(Material provided)
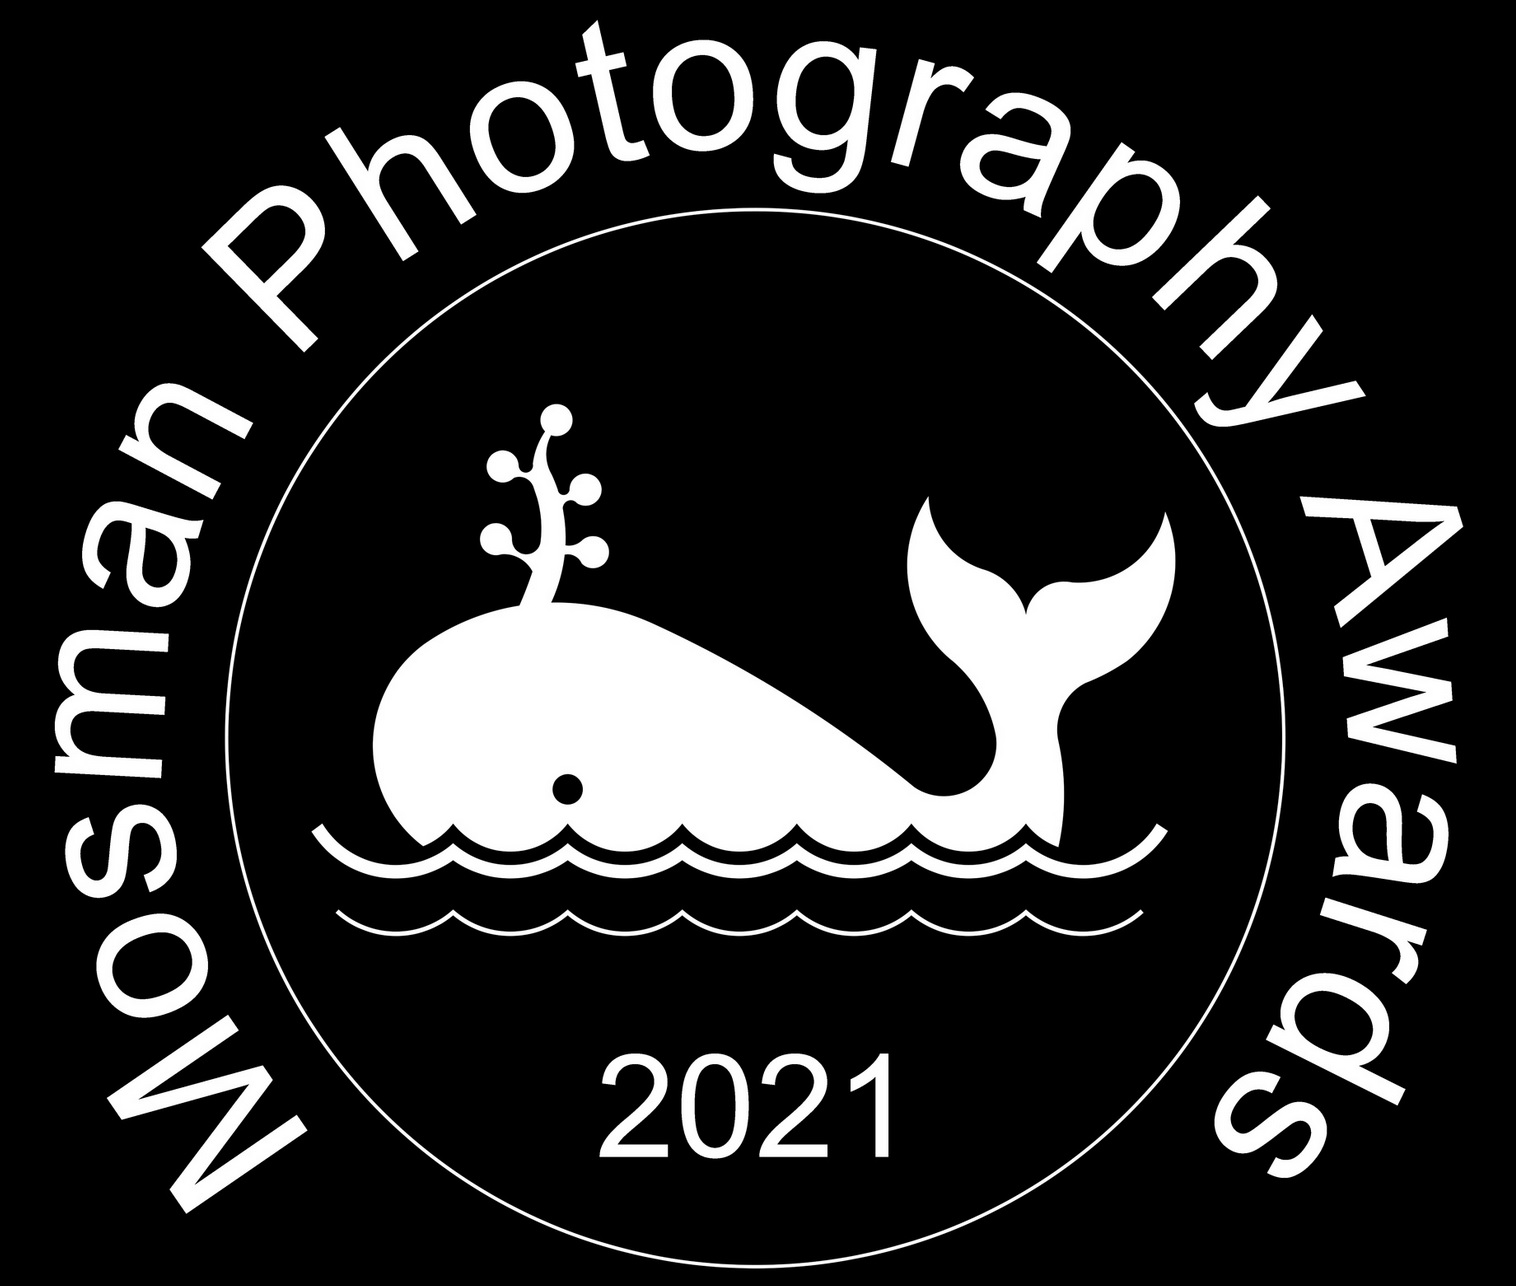 Mosman Photography Awards 2021 - logo
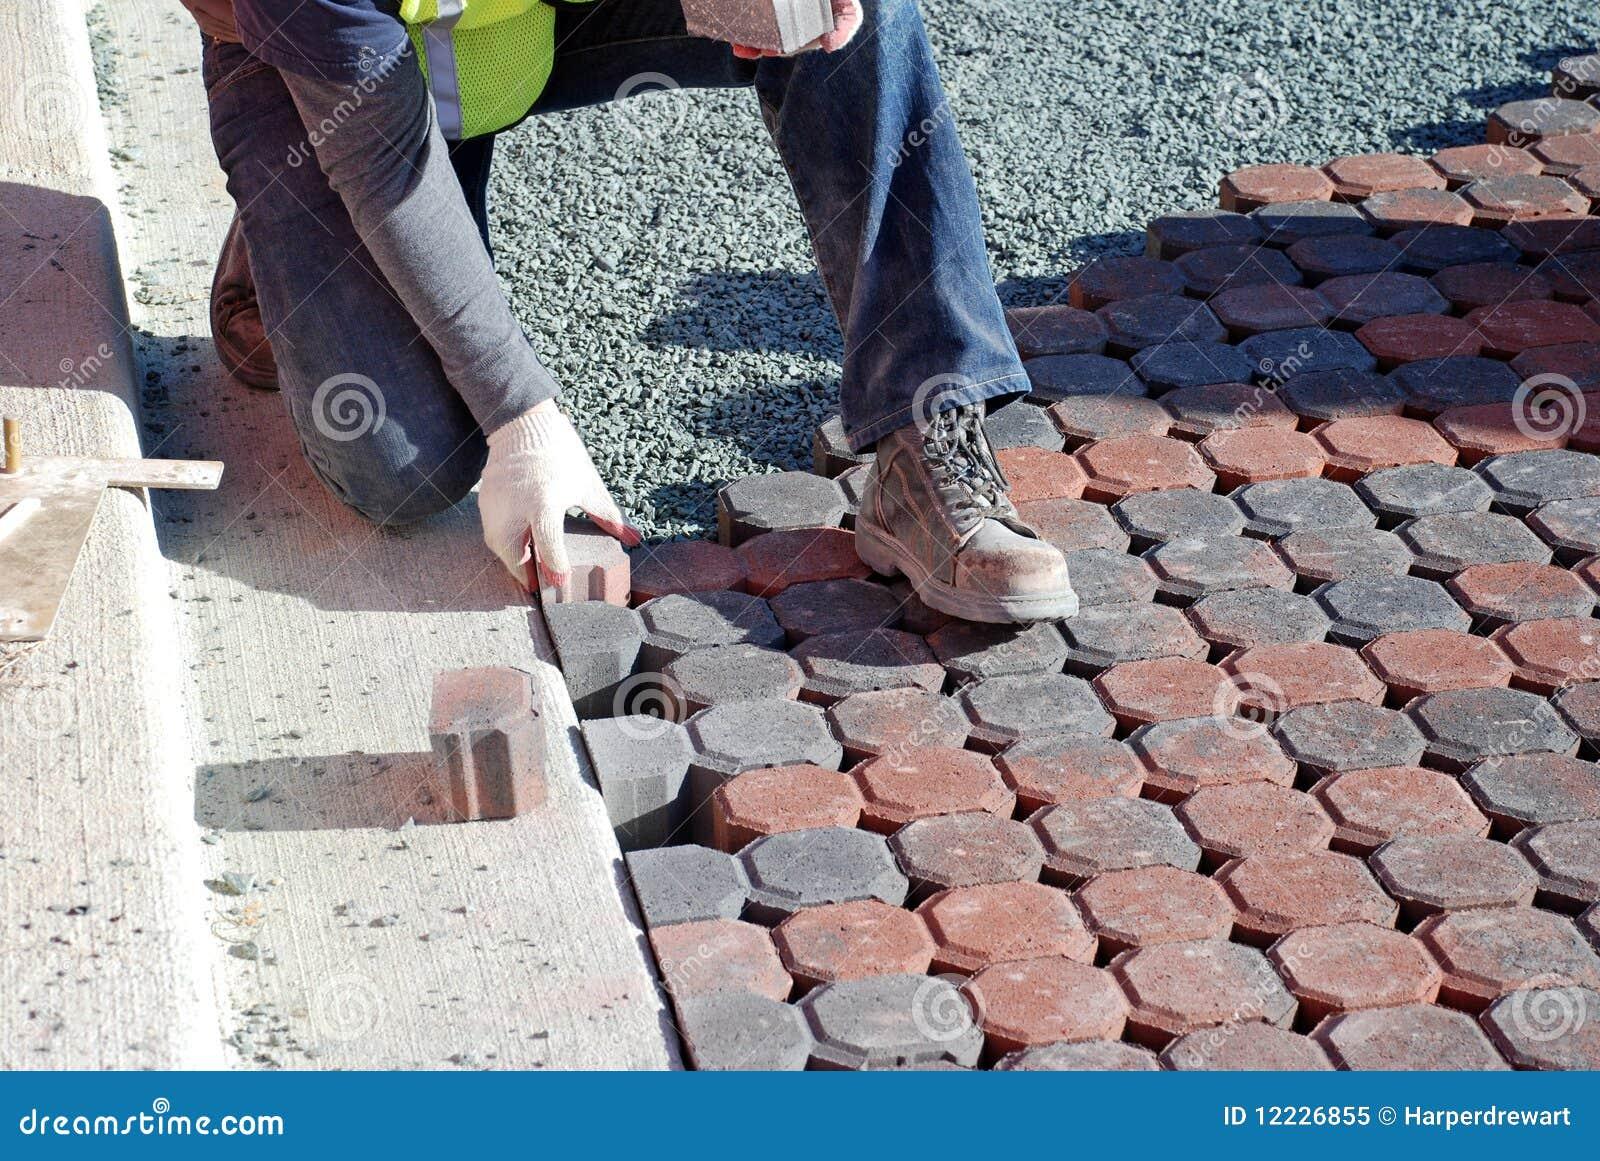 Man Placing Paving Stones Stock Image Image Of Laborer
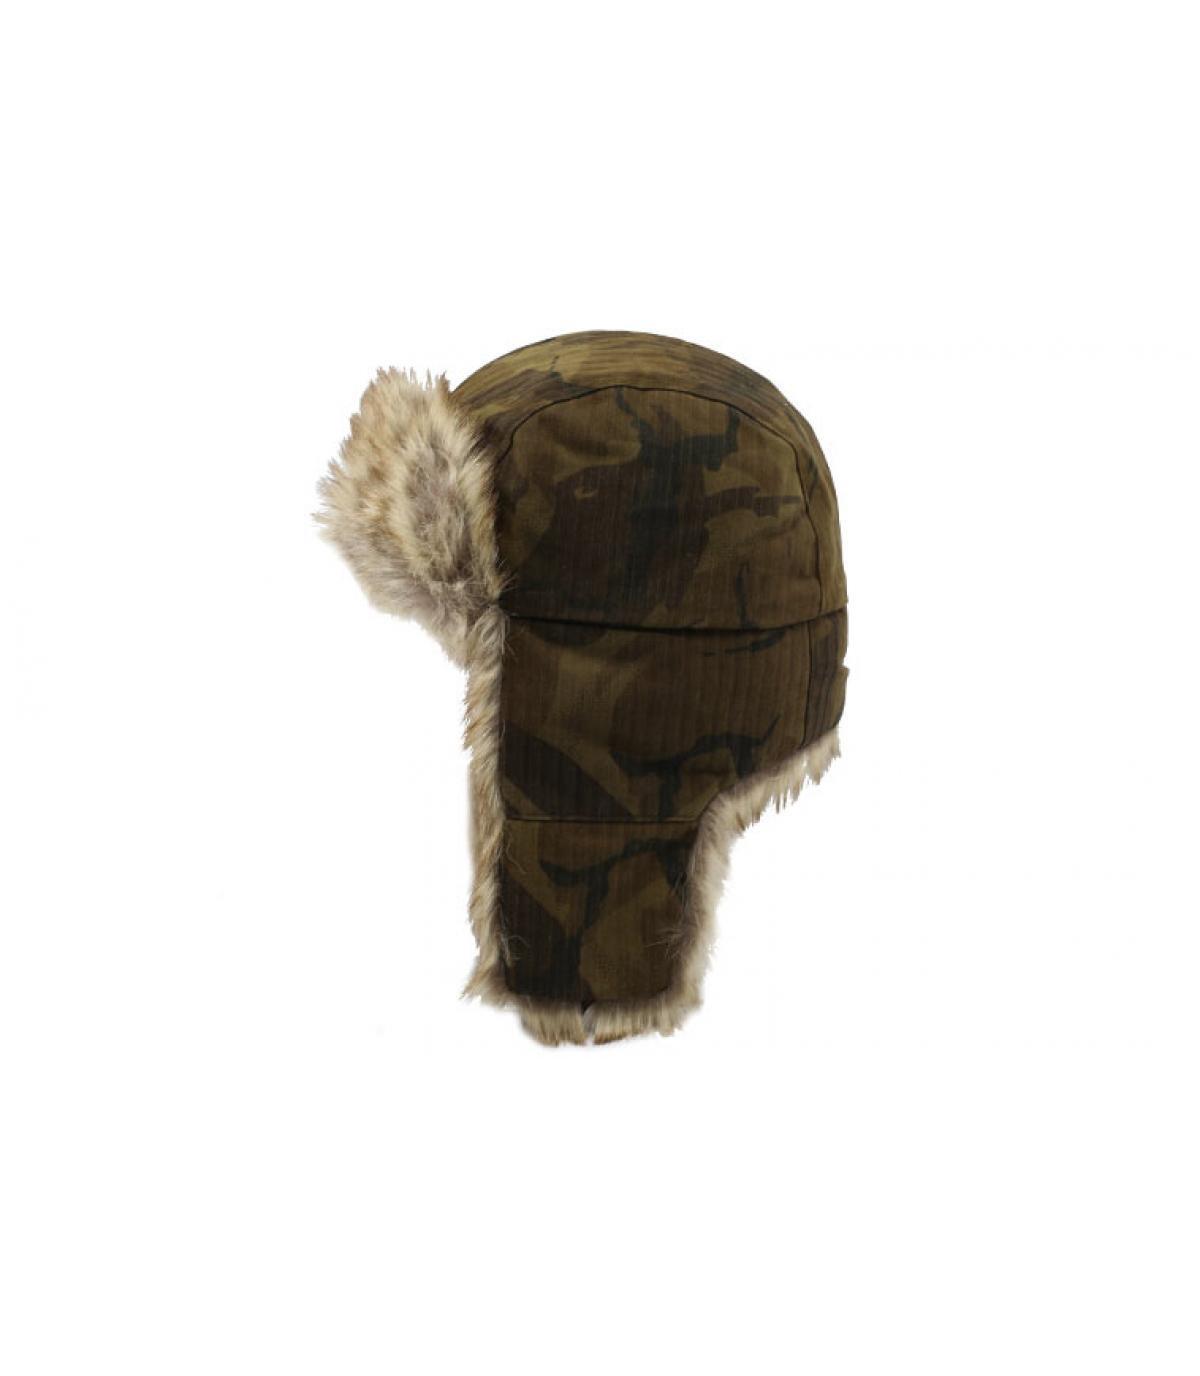 Details Bomber Cap Waxed Cotton Camouflage - Abbildung 2
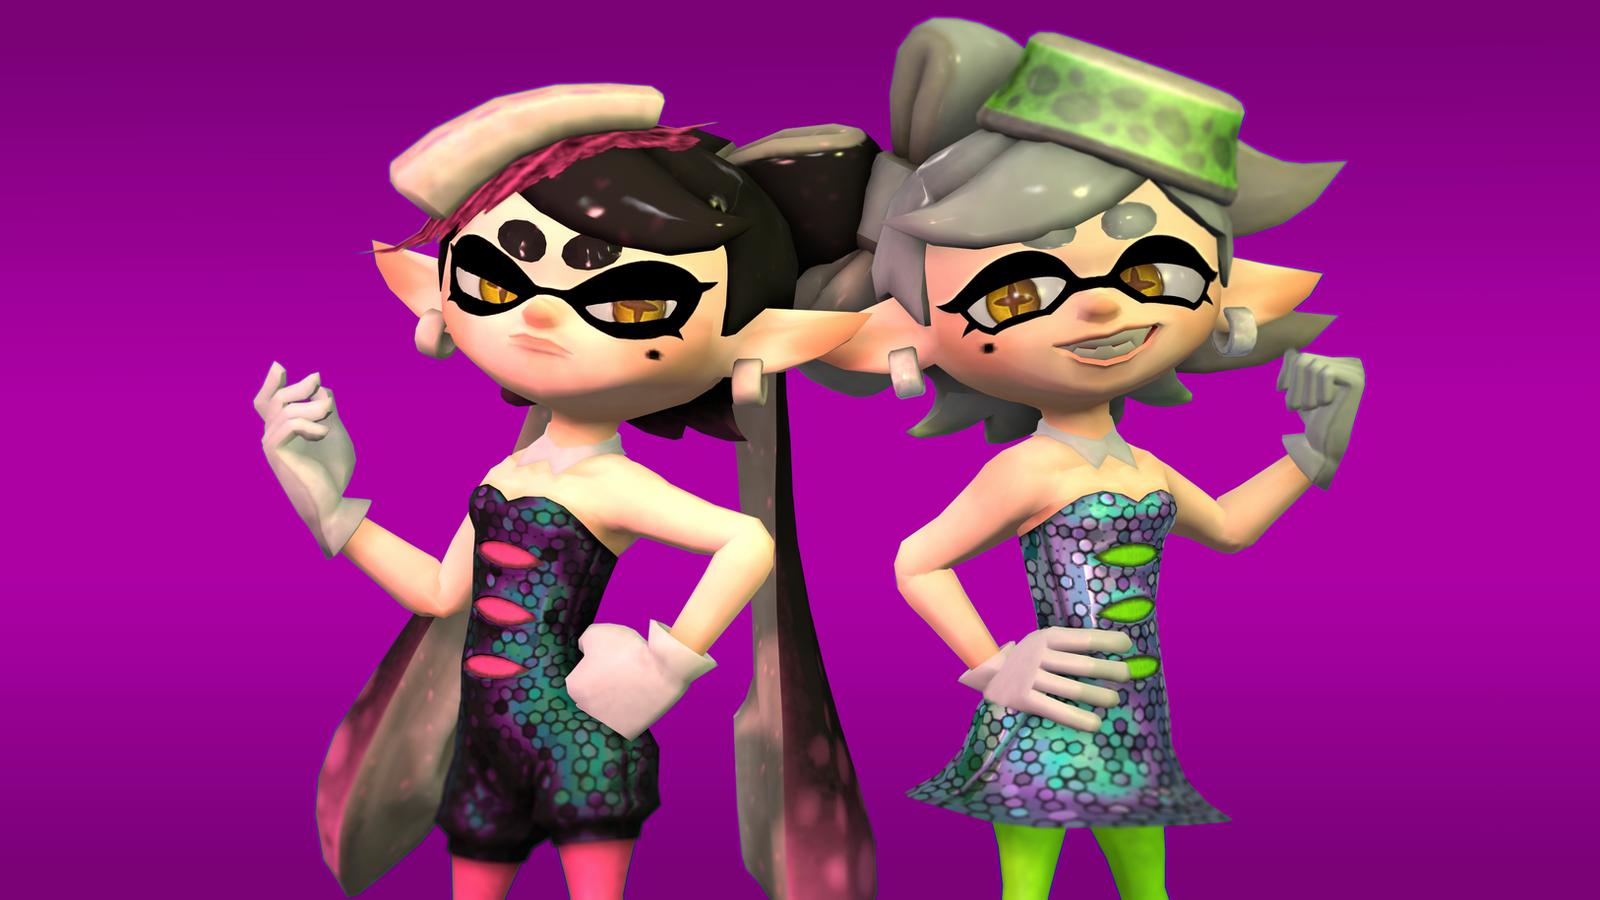 Callie And Marie Wallpaper: Squid Sisters (SFM) By Slava13 On DeviantArt
(End Material provided)
- _Exercise requirements_
Copy out the lines exactly as written, beginning with the one that contains "Man Placing Paving" and ending with the last line of the material; do not include pictures.

- _Answer for the task_
 Man Placing Paving Stones Stock Image Image Of Laborer
 Details Bomber Cap Waxed Cotton Camouflage - Abbildung 2
 Callie And Marie Wallpaper: Squid Sisters (SFM) By Slava13 On DeviantArt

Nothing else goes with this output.